Four Moral Battles Worth Fighting: Number 3 – Defending the Unborn

Four Moral Battles Worth Fighting: Number 3 – Defending the Unborn February 23, 2022

In this series I am addressing four prominent and urgent moral battles of our times. These are battles that churches cannot ignore as they pertain to fundamental human concerns– concerns about human freedom, love, dignity and justice. In the first post I discussed the growing sense of totalitarianism in what is now a very politicized scientific community. In the last post I argued that the church must take a stand against LGBTQ+ ideology and reaffirm the God-given design for human sexuality and sanctity of marriage. Here, I will talk about the continuous “legal” murder of the unborn, perhaps the greatest moral atrocity since the Holocaust.

Silence is Violence

In an incisive essay on the destruction of black lives, Alveda King and Evan Musgraves highlight the hypocrisy of those who claim to speak on behalf of black bodies, yet are noticeably silent on the targeted slaughter of unborn black bodies:

One cannot address the sin of racism in the United States without addressing the issue of abortion, specifically the ways in which abortion has affected the black community. Unfortunately, those who talk most about the presence of racism in American society often ignore the gruesome reality of abortion.

King and Musgraves, “Little Black Lives Matter: The National Covenant and The Right to Be Born” in Race and Covenant, 161

Of course it is not just silence on abortion in black communities that is disconcerting. It is the allegiance of groups like Black Lives Matter to the cause of abortion that is egregious:

Movements such as Black Lives Matter or the Women’s March not only ignore abortion but actively promote “a women’s right to choose.”

King and Musgraves, 161

The authors go on to describe the harrowing account of Margaret Sanger’s vision for a pure society and the founding of Planned Parenthood (originally the American Birth Control League) as the means to instantiate that society. Sanger’s embrace of eugenics, around the time social Darwinism was taking hold in pre-war Germany, laid a roadmap for an American future that would have happily excluded black bodies from that future. Sanger’s way forward was not terribly unlike Hitler’s roadmap for a Jew-free Germany (albeit a bit more sanitized and indirect in its approach).

In ‘Birth Control and Racial Betterment,’ Sanger succinctly laid out her theory of the usefulness of birth control, including abortion, for eugenic purposes. Sanger began by arguing that both advocates for birth control and eugenicists ‘are seeking to assist the race toward the elimination of the unfit.’

King and Musgraves, 164

King and Musgraves further point out that although one might think that Sanger’s use of the term race in “Birth Control and Racial Betterment” means only the human race broadly, Sanger nevertheless did not hold to the equality of all races (165). And this was at a time when the idea of race as a biological feature was prevalent:

But this does not mean Sanger believed in the absolute equality of all races.
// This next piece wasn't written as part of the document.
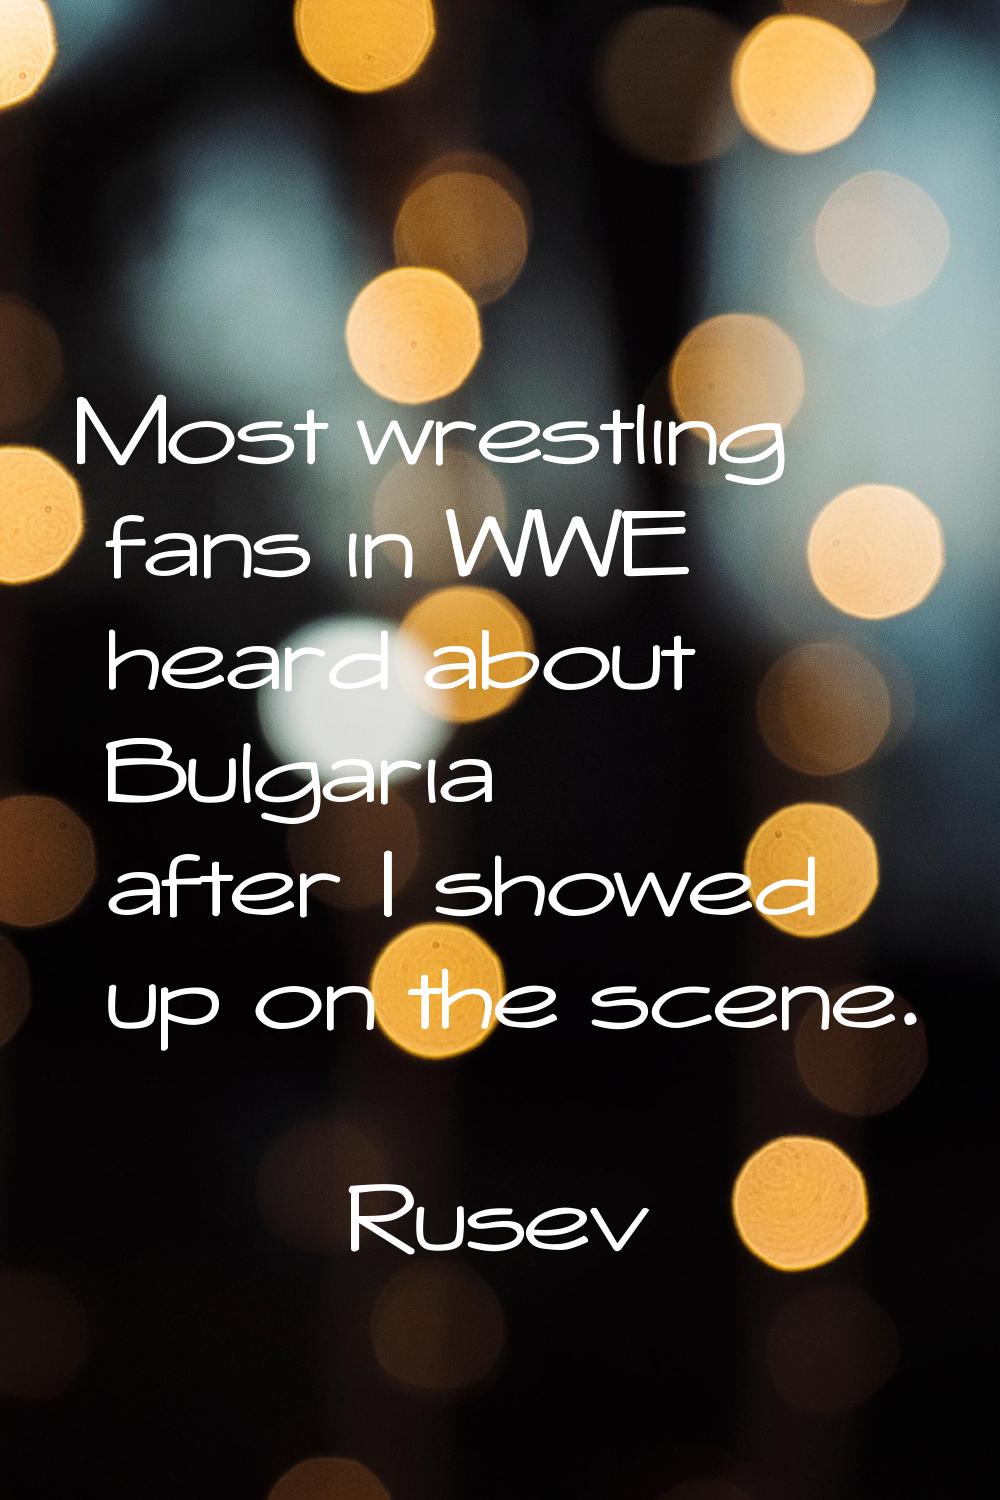 Most wrestling fans in WWE heard about Bulgaria after I showed up on the scene.

In fact, there is evidence to suggest that Sanger targeted the African American community, specifically poor African Americans, for her birth control project. For example, in 1939, Sanger started the Negro Project, the aim of which was to promote her birth control ideology in poor black communities in the South.

King and Musgraves, 166

Even more nefarious was Sanger’s method for advancing the Negro Project, namely using the black church to promote her life-negating doctrine:

Part of her public relations strategy for promoting this project was to ‘hire three or four colored ministers, preferably with social-service backgrounds, and with engaging personalities. The most successful educational approach to the Negro is through a religious appeal. We don’t want word to go out that we want to exterminate the Negro population.’

King and Musgraves, 166 (in a 1939 letter from Sanger to Dr. C.J. Gamble)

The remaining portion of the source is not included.